Following a double-blind, randomized, cross-over, and placebo-controlled protocol, twenty three patients with CHF (17 males; 60±11 years; BMI 29±5 kg/cm2, NYHA class II, III) underwent CPAP via nasal mask for 30 min in a recumbent position. Mask pressure was 6 cmH2O, whereas placebo was fixed at 0-1 cmH2O. PP and other non invasive hemodynamics variables were assessed before, during and after placebo and CPAP mode.

RESULTS

CPAP decreased resting heart rate (Pre: 72±9; vs.
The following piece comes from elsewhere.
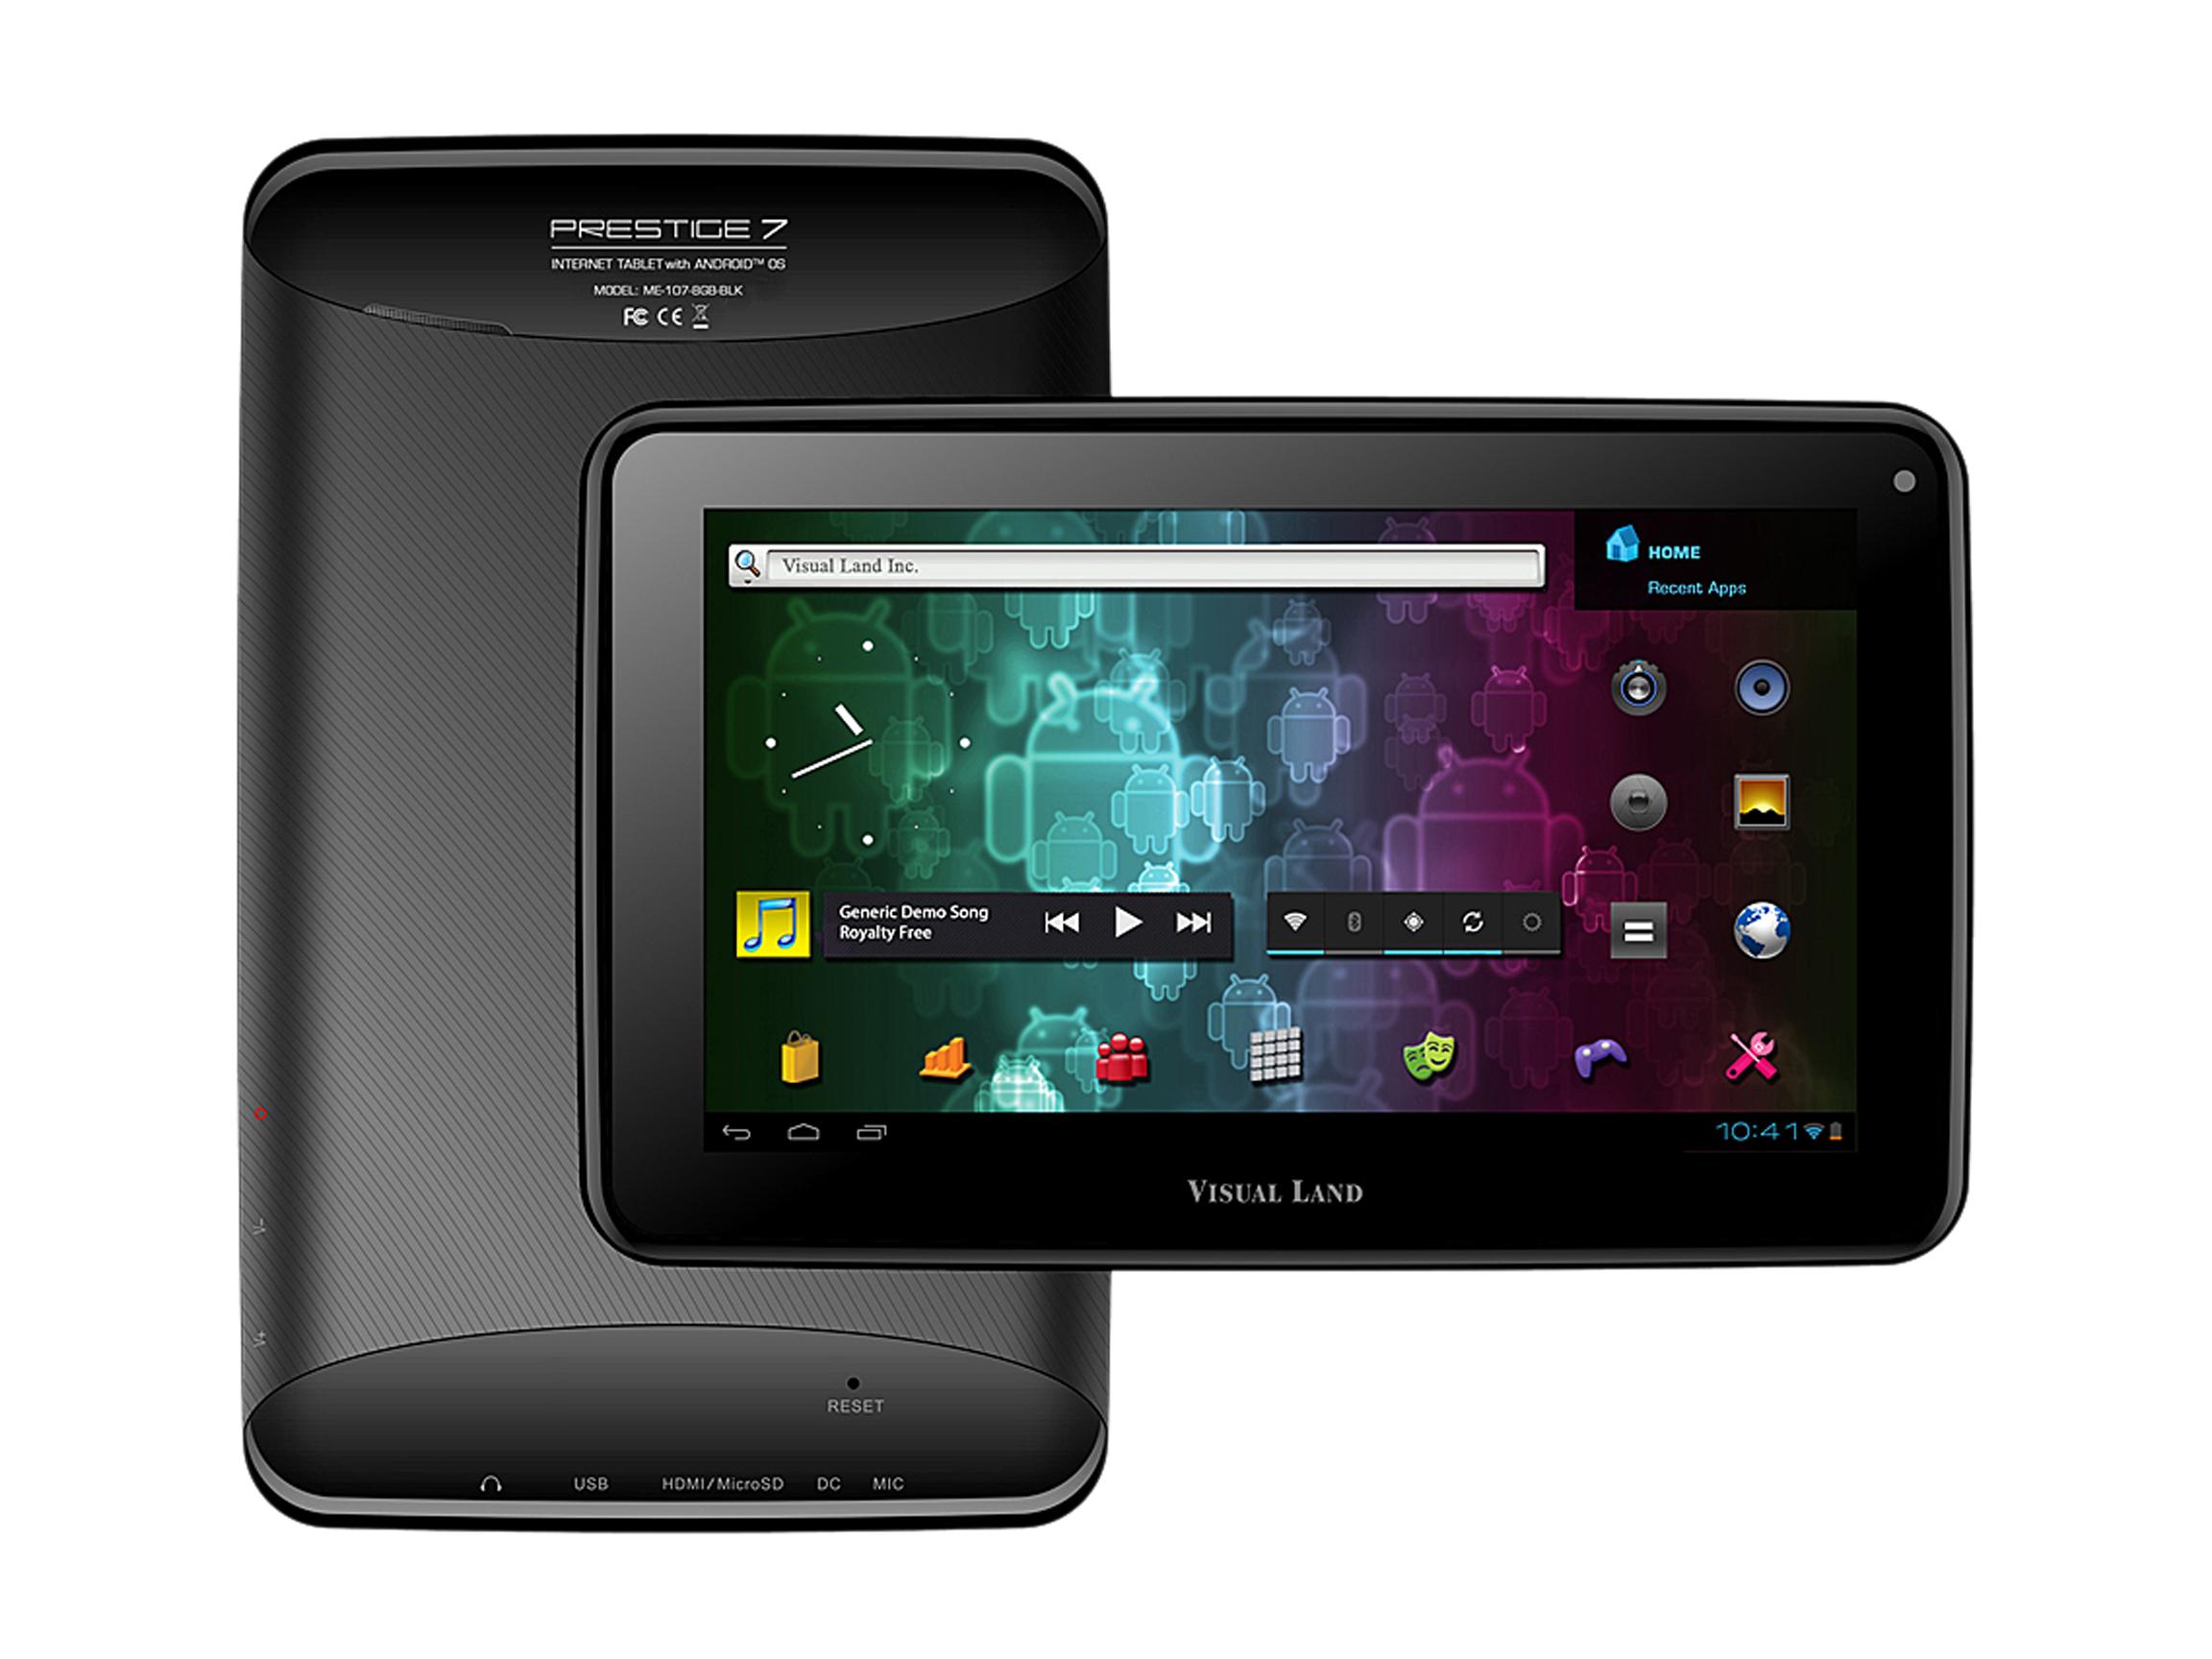 "Visual Land Prestige ME 107 8GB BLK ARM Cortex A8 512MB DDR3 RAM Memory 8GB Flash 7.0"" Internet Tablet (Black) Android 4.0 (Ice Cream Sandwich)"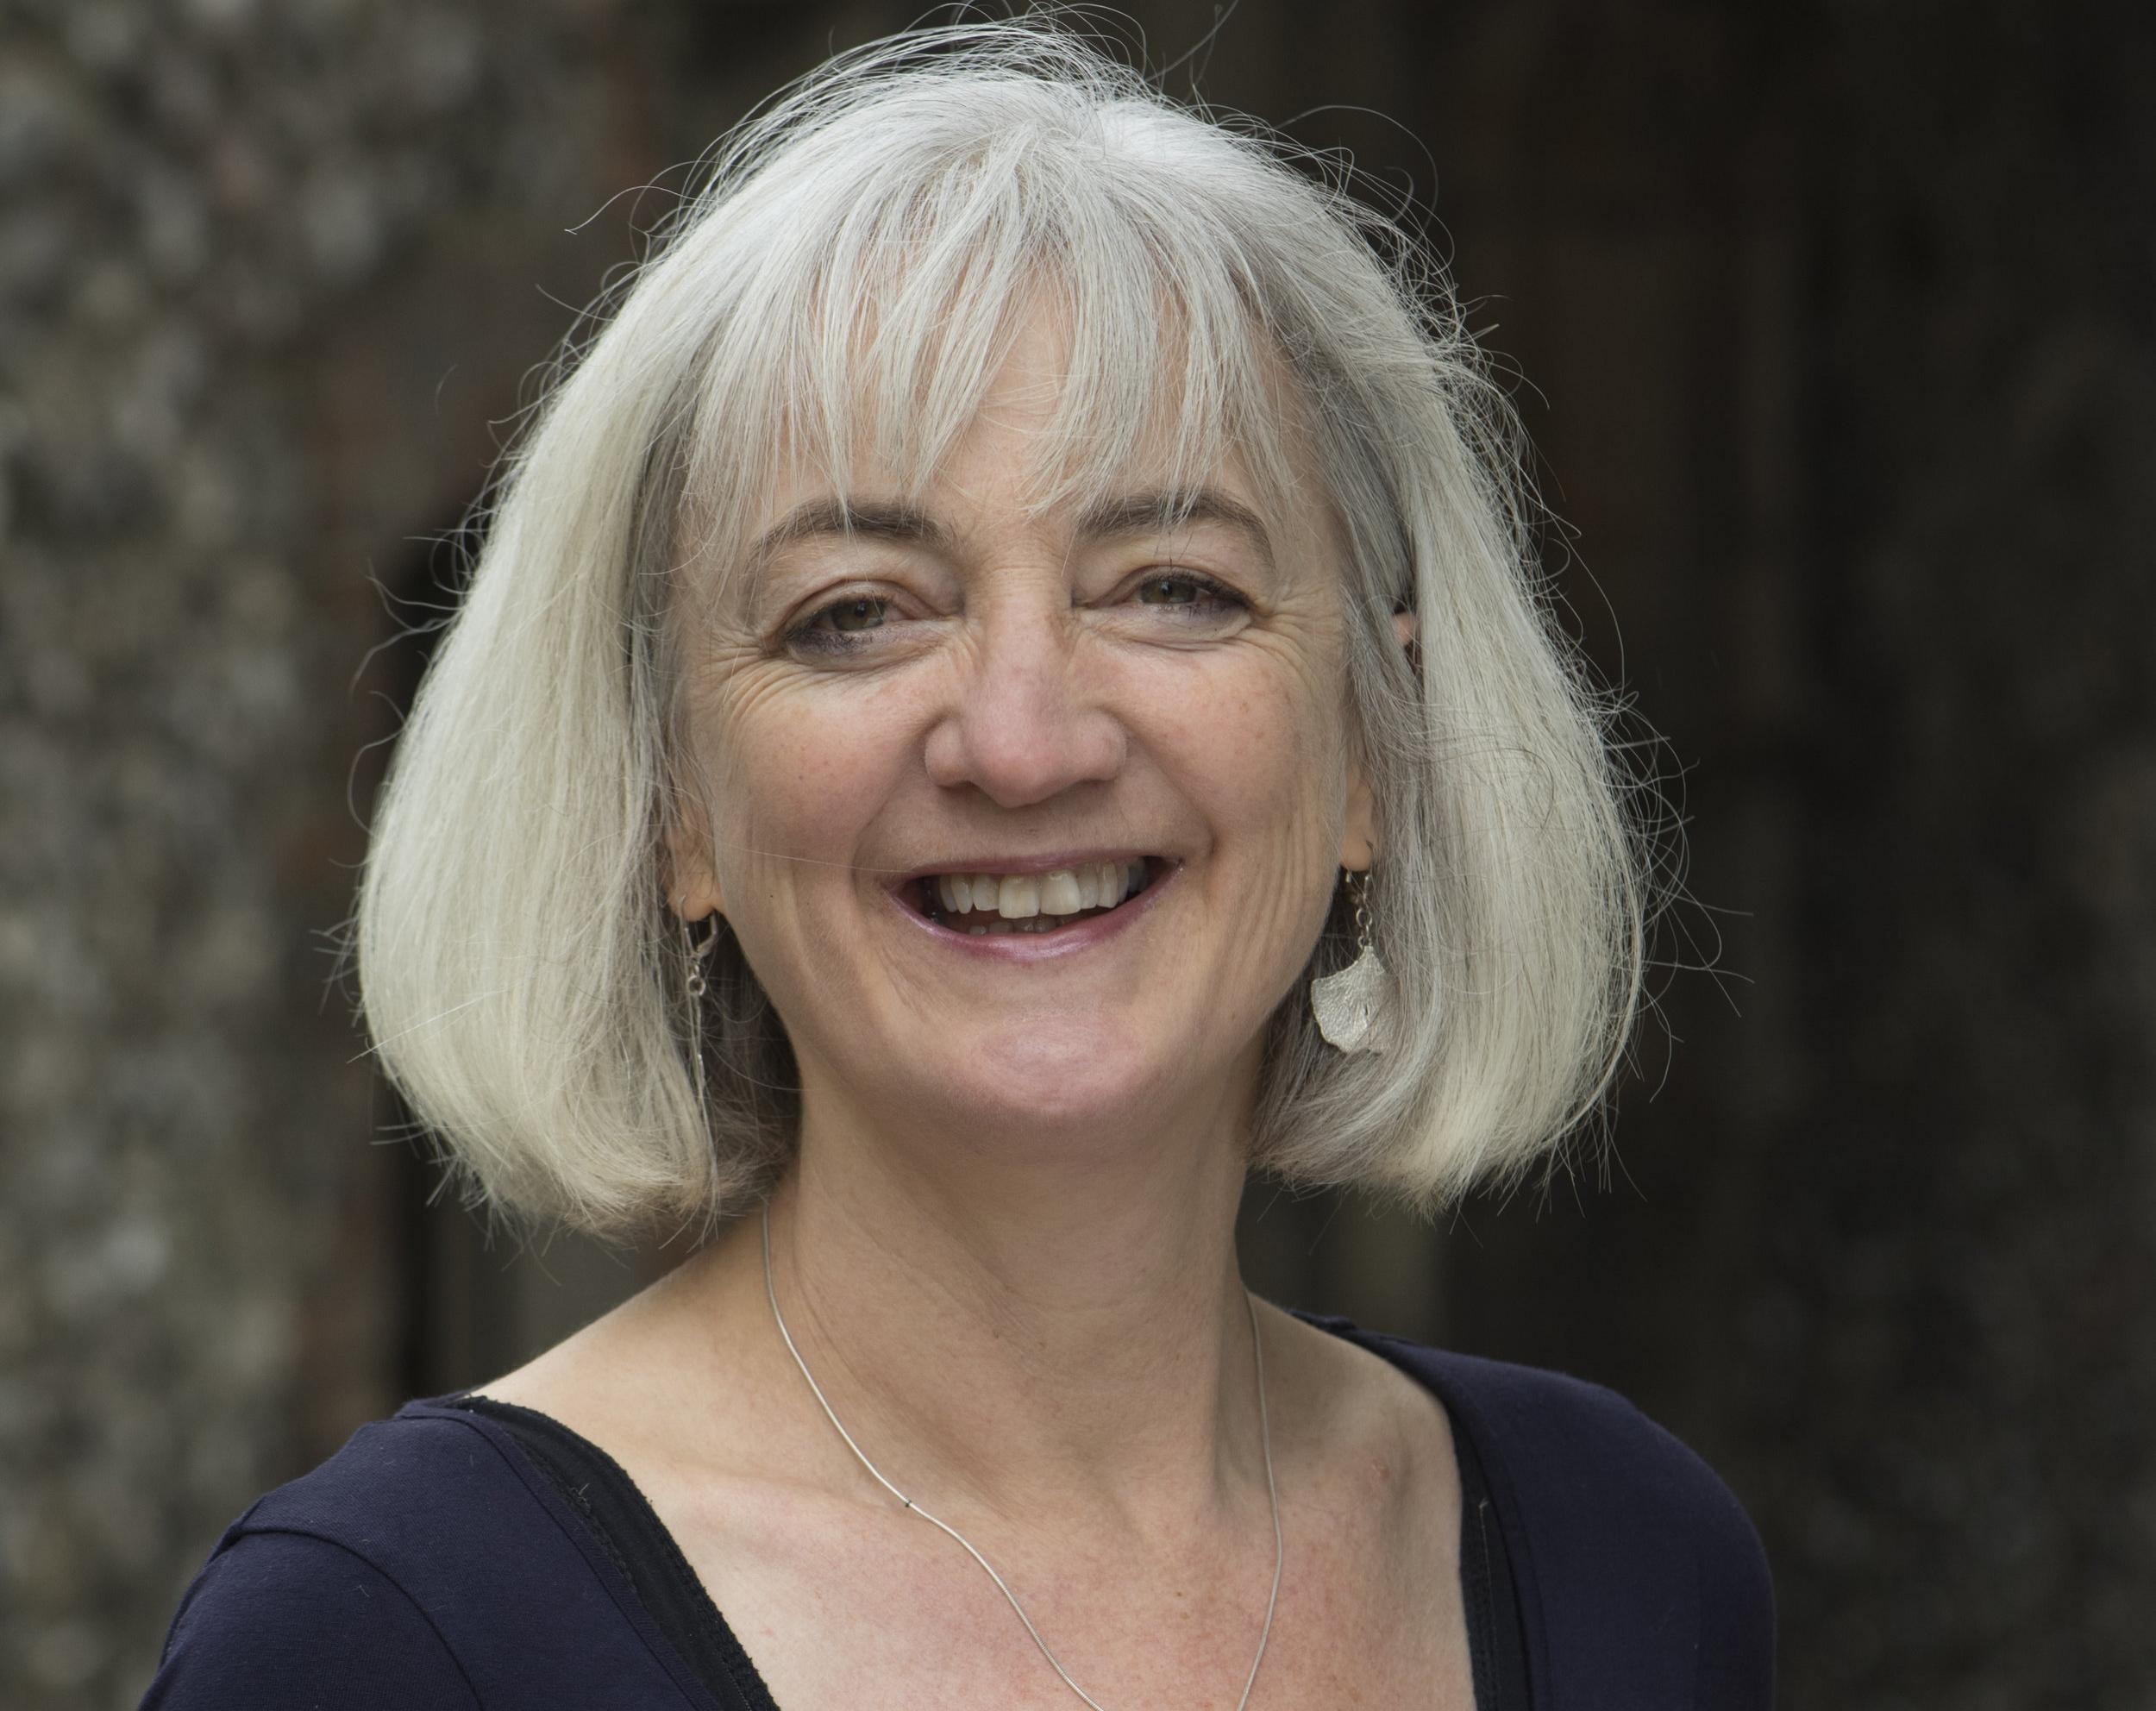 Katie Vandyck, Lewes website maker and photographer, by Marisa Guthrie

Post 5 min: 67±10 bpm; p<0.01) and MAP (CPAP: 87±11; vs. control 96±11 mmHg; p<0.05 post 5 min). CPAP decreased PP (CPAP: 47±20 pre to 38±19 mmHg post; vs. control: 42±12 mmHg, pre to 41±18 post p<0.05 post 5 min).

CONCLUSION

NIV with CPAP decreased pulse pressure in patients with stable CHF. Future clinical trials should investigate whether this effect is associated with improved clinical outcome.

摘要

背景

心力衰竭(HF)患者存在左心室功能障碍且平均动脉压(MAP)降低。肾上腺素能驱动增加会导致血管收缩和血管阻力,以维持MAP,同时增加外周血管阻力和管道血管僵硬度。脉压(PP)升高反映了心脏与动脉和静脉系统之间的复杂相互作用。PP升高是慢性心力衰竭(CHF)患者的重要风险标志物。无创通气(NIV)已用于急性失代偿性HF,通过呼吸和血流动力学效应改善充血和通气。然而,这些研究均未报告NIV对PP的影响。

目的

本研究的目的是确定持续气道正压通气(CPAP)的NIV对CHF门诊患者PP的急性影响。

方法

按照双盲、随机、交叉和安慰剂对照方案,23例CHF患者(17例男性;60±11岁;体重指数29±5kg/cm²,纽约心脏协会II级、III级)在卧位通过鼻罩接受CPAP治疗30分钟。面罩压力为6cmH₂O,而安慰剂固定在0-1cmH₂O。在安慰剂和CPAP模式之前、期间和之后评估PP和其他无创血流动力学变量。

结果

CPAP降低静息心率(治疗前:72±9;治疗后5分钟:67±10次/分钟;p<0.01)和MAP(CPAP:87±11;对照:96±11mmHg;治疗后5分钟p<0.05)。CPAP降低PP(CPAP:治疗前47±20至治疗后38±19mmHg;对照:治疗前42±12mmHg至治疗后41±18mmHg,治疗后5分钟p<0.05)。

结论

CPAP的NIV降低了稳定CHF患者的脉压。未来的临床试验应研究这种效应是否与改善临床结局相关。